The Las Vegas Sun reports ( two veterinarians moved onto the rural property in 2006 and housed kangaroos and wallabies. They added animals and tours over the years, grabbing the attention of Clark County and the Southern Nevada Health District.

The two groups decided in January 2014 to close the nonprofit Roos-N-More Zoo, which is unaccredited and lacks zoning for exotic animals.

Neighbors like Linda Dey say the zoo causes noise and attracts flies.

"The quiet was gone, replaced by flies and the screeching of unknown animals on the other side of the wall," Linda Dey said. "We don't want to live next to a zoo."

Meanwhile, hundreds of others have raised money to support Roos-N-More.

Veterinarians Valerie and Jay Holt are trying to keep the facility open.

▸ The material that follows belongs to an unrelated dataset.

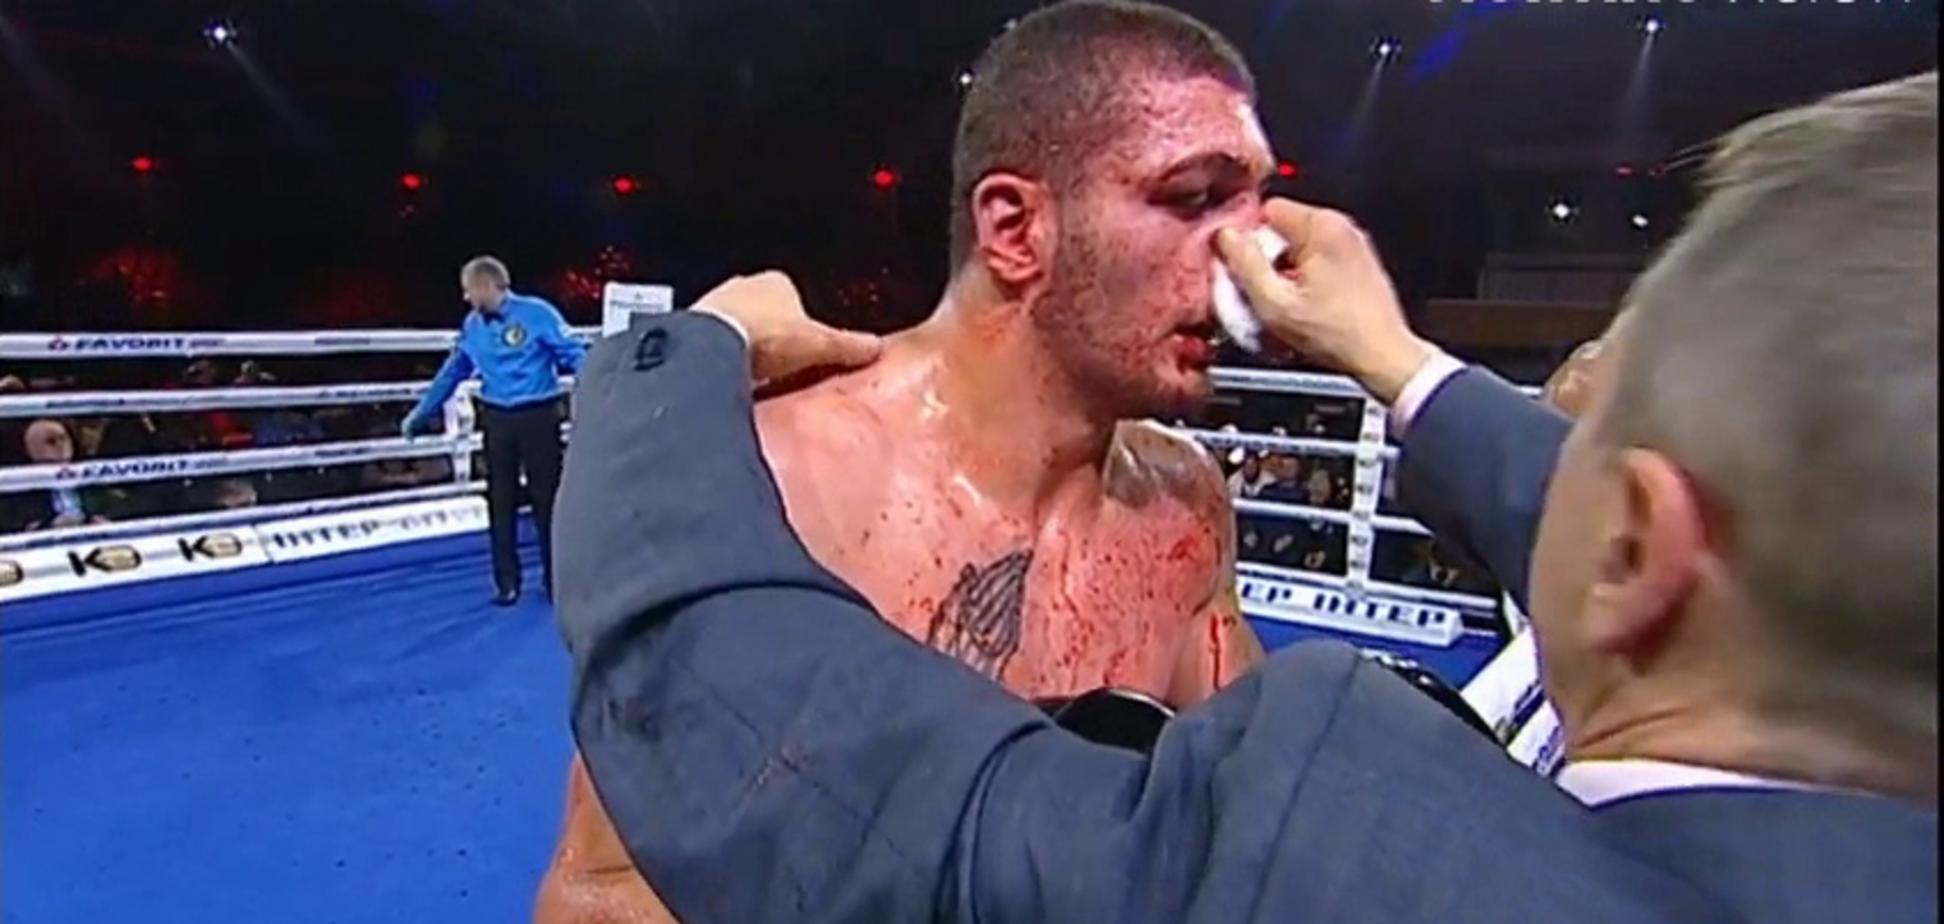 Знаменитый украинский боксер победил кровавым нокаутом - опубликовано видео

They've applied for permitting and spent money to improve the facility.

"I tell people I don't need Alcoholics Anonymous, I need Animals Anonymous," Valerie said.

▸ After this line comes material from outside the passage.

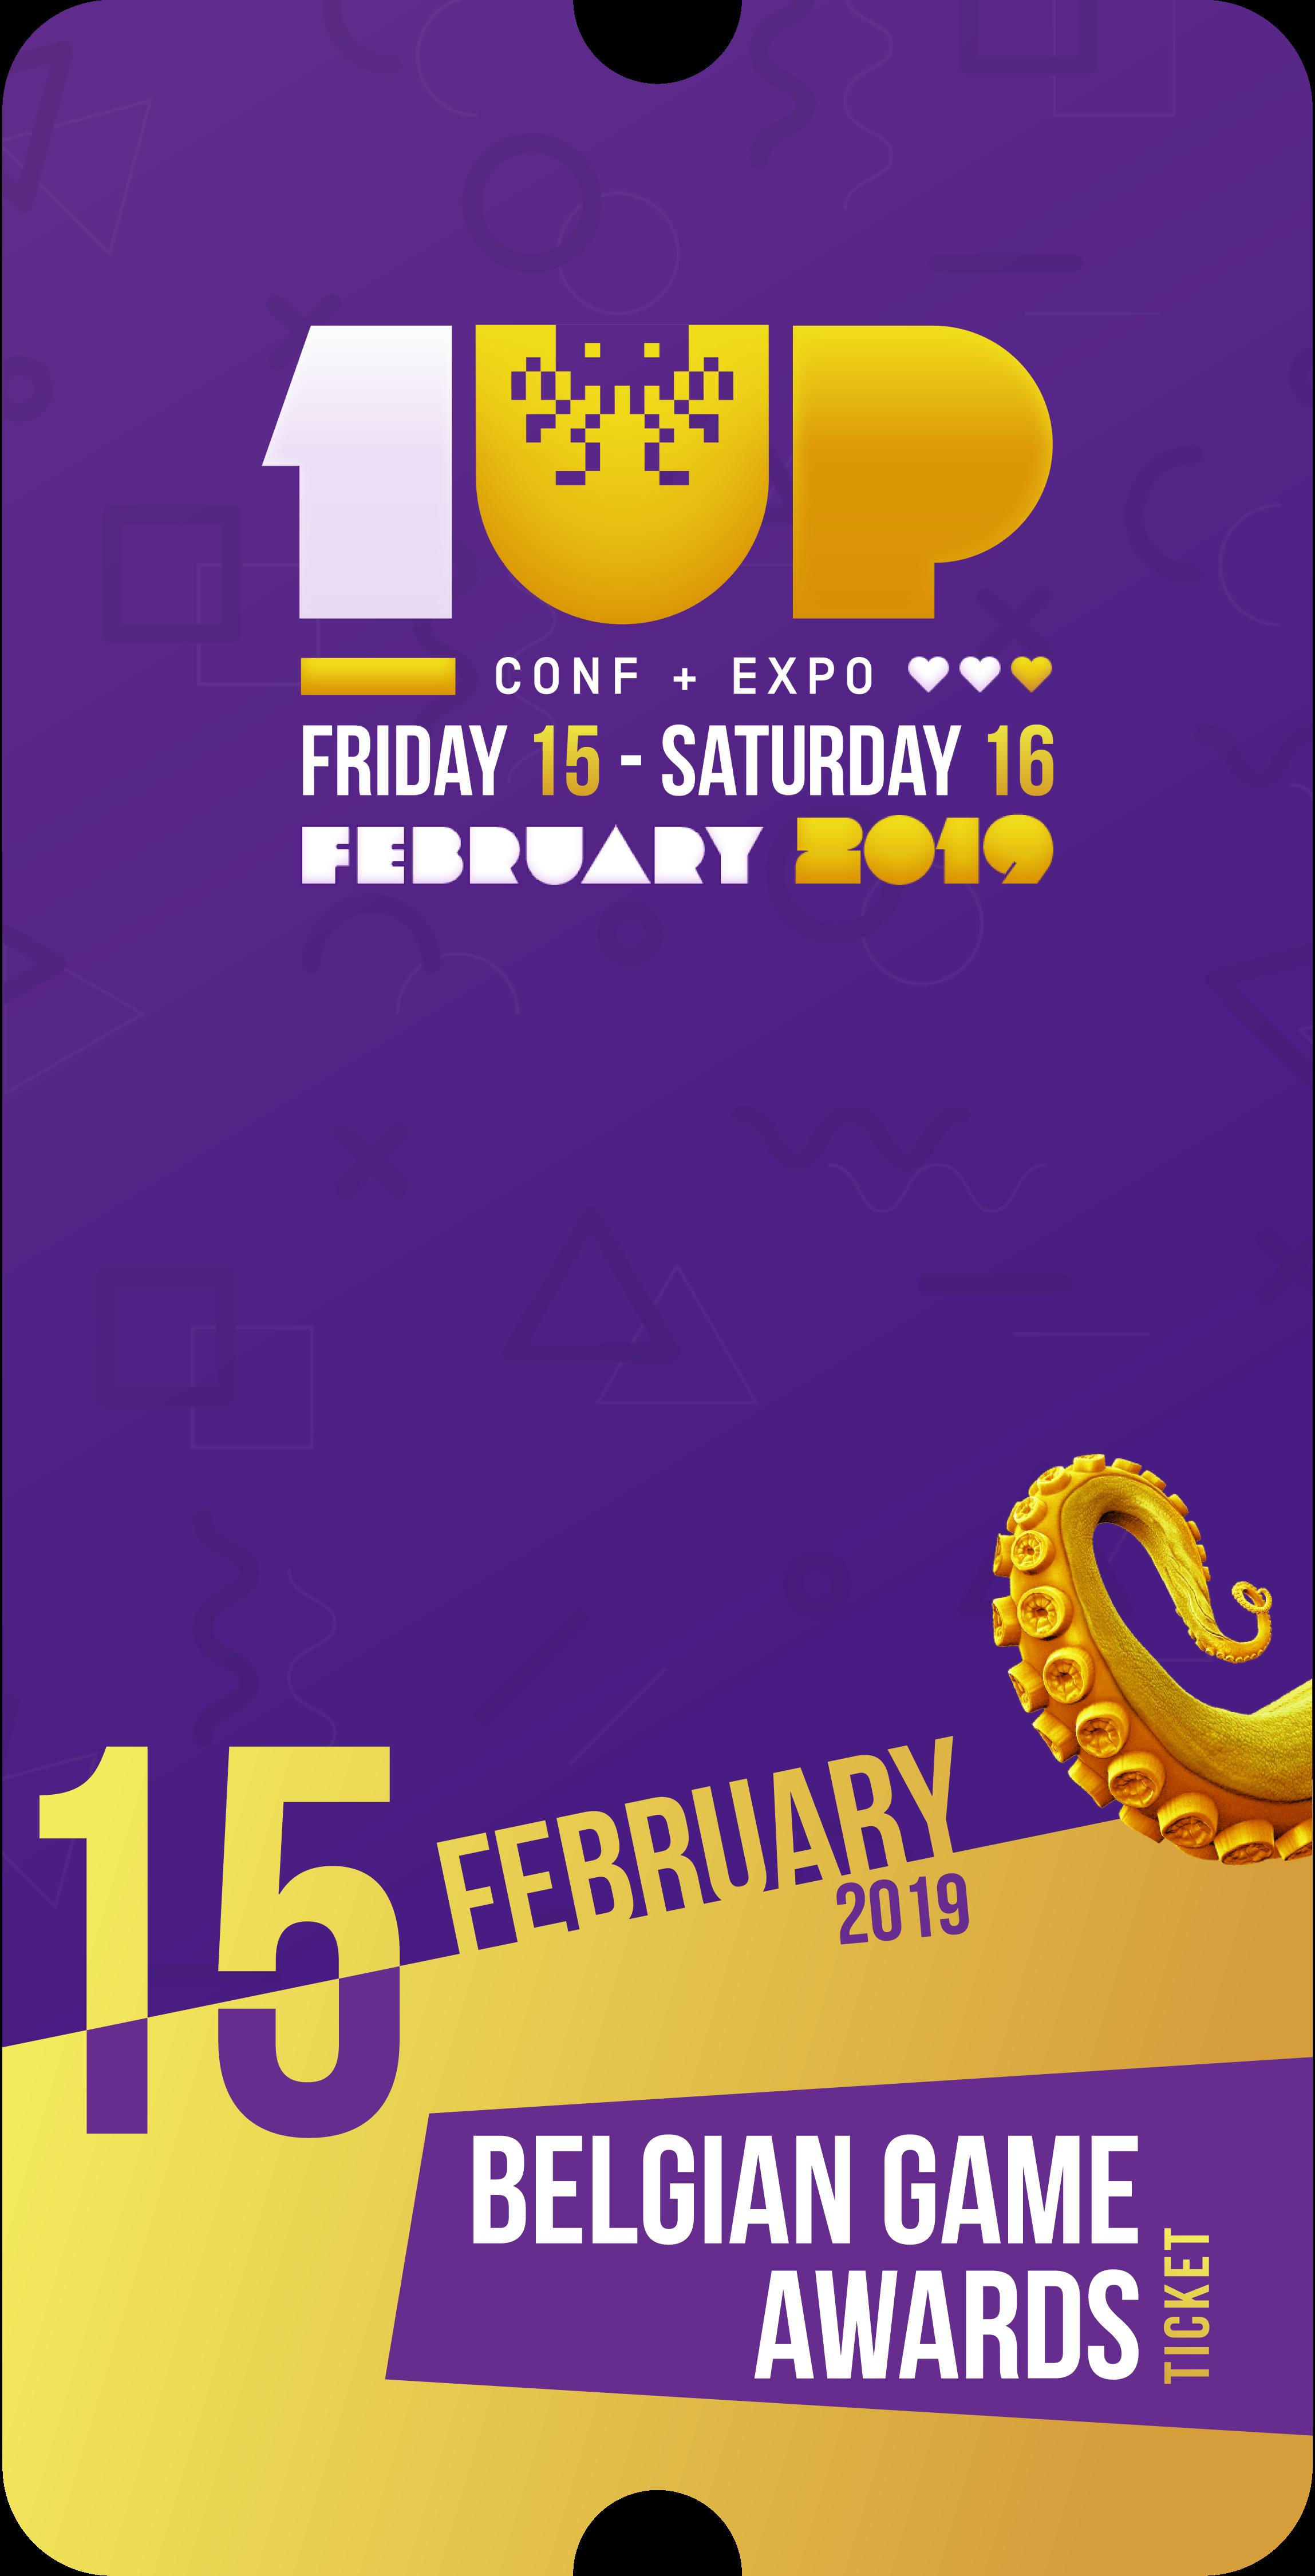 Belgian Game Awards (Ticket)

Commissioner Mary Beth Scow requested the Holt's recently-denied use permit be reconsidered on Sept. 2.

"I don't think we quite got our arms around what the issues were," Scow said.

Commissioner Steve Sisolak says if the permit is to be granted, he would want to limit how many animals the Holts can house as well as prohibit breeding.

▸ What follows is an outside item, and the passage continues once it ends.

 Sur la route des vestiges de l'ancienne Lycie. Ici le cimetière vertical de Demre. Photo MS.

"Somebody has got to get a handle on what's allowed there," he said. "How far do you go with this?"

If not, the Holts have to get rid of the animals on the property, which has grown to about 200 exotic creatures.

"It feels like having to put your children up for adoption," Valerie said.

The Lion Habitat Ranch in Henderson saw similar regulatory issues this year and stayed open with the help of an attorney, whom the Holts recently hired to represent them.